House Judiciary Seeks Speedy Ruling In Contempt Case Against Bolten, Miers

The House General Counsel's Office, which is representing the Judiciary Committee in a civil contempt lawsuit against White House Chief of Staff Josh Bolten and former White House Counsel Harriet Miers, has asked a federal judge to set up an expedited schedule to resolve portions of the case, a schedule that would require a ruling by this summer, according to court documents filed today.

The Justice Department, which is representing Bolten and Miers in the case, countered that the only reason the Judiciary Committee is seeking a speedy determination of the case is so that it "recommence prior to Congress' August recess" its investigation into the firing of nine U.S. attorneys in 2006. The Justice Department wants a slower review of the contempt case, and it is already warning that it may appeal any ruling that goes against it.

In its filing, the House said it intended to seek "partial summary judgement" against Bolten and Miers "at this stage of the litigation" on two issues: first, that Miers failed to even appear in response to a Judiciary Committee subpoena seeking information or documents she might have on the prosecutor purge; and secondly, the failure of Bolten or Miers to provide a "privilege log when withholding documents' on the grounds of executive privilege. President Bush asserted executive privilege in refusing to allow Bolten and Miers to appear before ,or turn over internal White House documents to, the Judiciary Committee on the firings.

The Justice Department has refused to bring criminal contempt charges against Bolten and Miers, relying on DOJ opinions stating that it cannot do so in such cases, so the Judiciary Committee, acting throught the House General Counsel's Office, brought a civil contempt suit against Bolten and Miers.

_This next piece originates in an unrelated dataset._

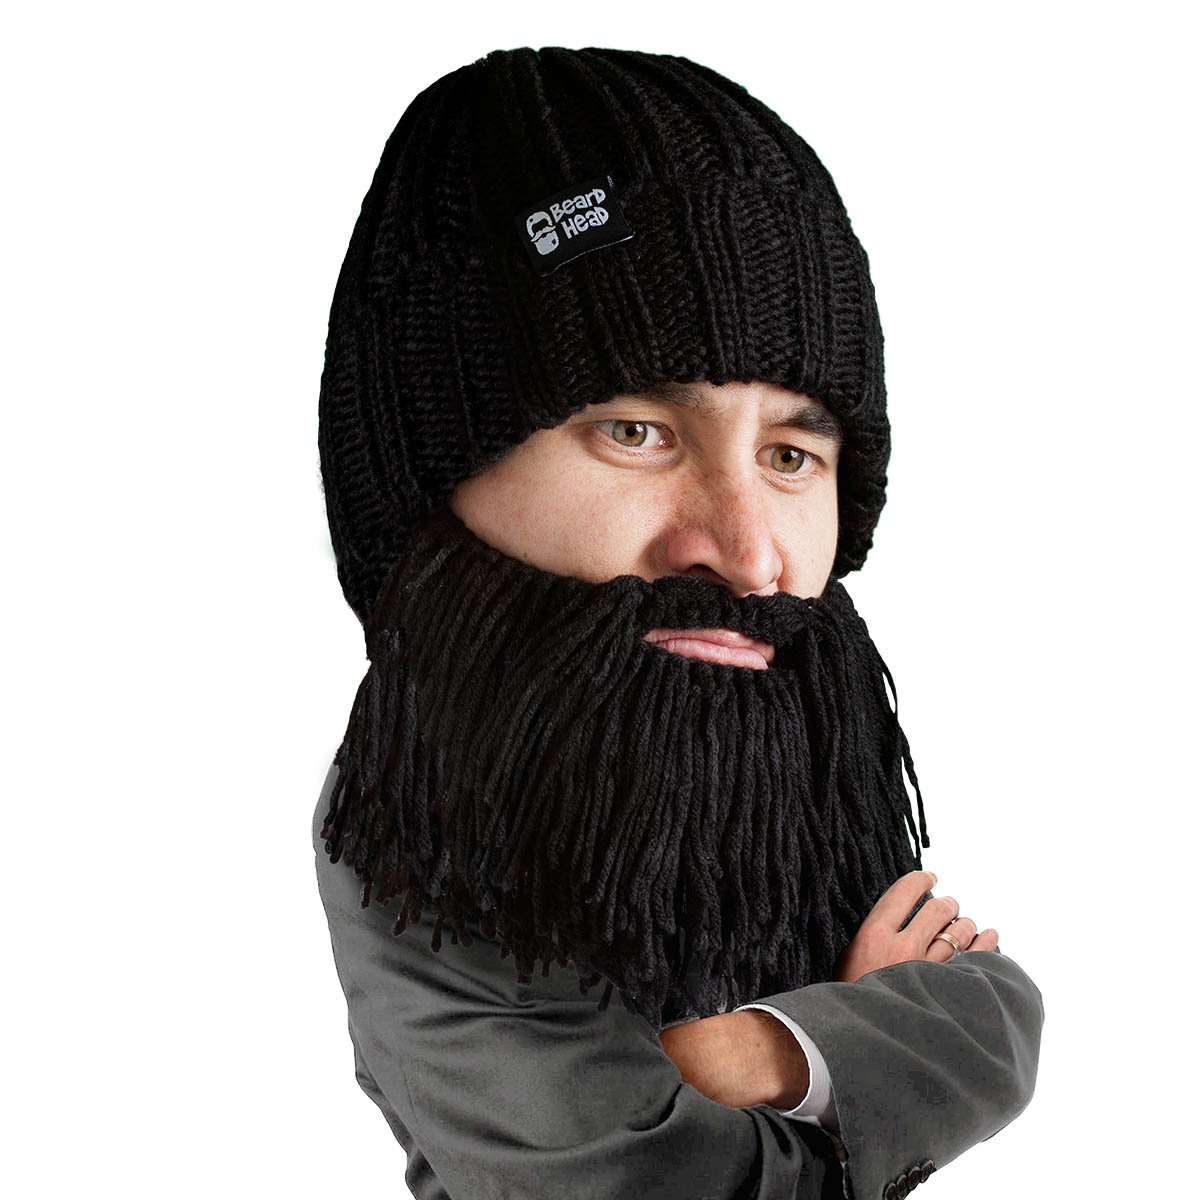 893b4ea93e8 Amazon.com  Beard Head Barbarian Vagabond Beanie - Funny Knit Hat and Fake Beard  Facemask Black  Clothing

"The Committee seeks to resolve this litigation expeditiously so that it can obtain the information sought by the subpoenas, complete its investigation, and take any resulting legislative action before the 110th Congerss ends in January, 2009," the General Counsel's Office stated in its filing today. The House lawyers envision having all arguments completed by May 14, making it likely that the U.S District Judge  John D. Bates would rule by the end of the summer.